Voy por el camino trazado en dirección hacia mi propio dolor y pienso en las miles de historias sepultadas de judíos que yacen y que nunca contaron su historia, su destino, su emigración, su persecución, su dura y digna adaptación a este su nuevo país, al nuestro. Miro sus rostros y son como una cámara retrospectiva de los de mis familiares, de los míos, los lejanos que nunca vi y me los presentaron en fotos o en relatos, de  los que asesinaron por ser judíos, de los que se salvaron y de los viven dispersos por el mundo. Siento en mi peregrinar hasta donde están mis seres queridos, a los que tuve la fortuna de conocer y amar, a los que pudieron vivir y morir como personas que ante la pira de piedras de restos de lo que fue el atentado a la AMIA, cada piedra es una cadena de homenaje de presencia y ausencia de otro atentado sin culpables físicos como fue el atentado a la Embajada de Israel, el de AMIA, el de Nisman. Y en ese andar por el cementerio y tomar esas piedras se repite la historia del antisemitismo viejo como el tiempo.
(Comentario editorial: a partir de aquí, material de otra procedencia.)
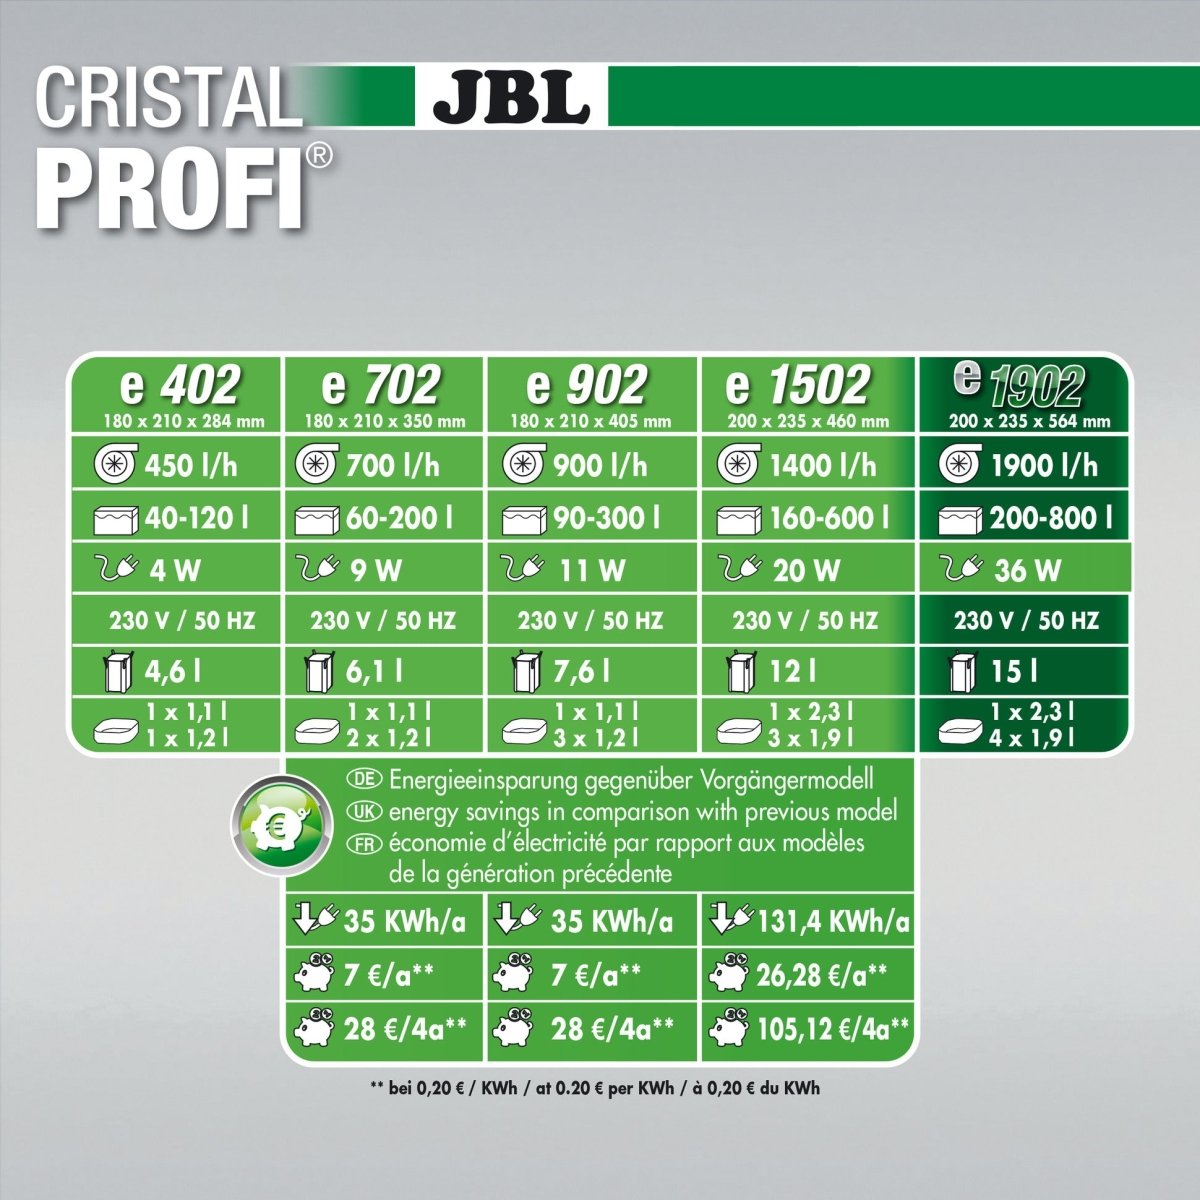 JBL CRISTALPROFI e1902 greenline - GarnelenTv-Shop

A medida que avanzo en dirección hacia mi propiedad privada de duelo miro esos trozos de piedras que son la representación de su martirologio y siento que son una mínima parte de su tumba inconclusa que se hermanan sobre los que sí la tienen.

En ese andar leyendo y colocando piedras hasta llegar a la cita con los míos, también se suma mi tristeza para recordar a una joven que murió en el atentado.  Sobre su tumba cercana a la de mi hija, y vaya paradoja, que murió en un accidente por fatalidad de error humano y la otra por odio terrorista como rutina, siempre coloco una flor de las que llevo para los míos  y digo que se haga Justicia.

Todos los 18 de Julio cuando voy por la calle Pasteur hasta llegar a la AMIA, al igual que hice cuando fui a Auschwitz a poner rosas en la pira de cenizas de los judíos asesinados por los nazis de la familia de mi esposo y lo que hago en Tablada…las lágrimas brotan acumuladas de tanta Historia Judía, de tanta impunidad.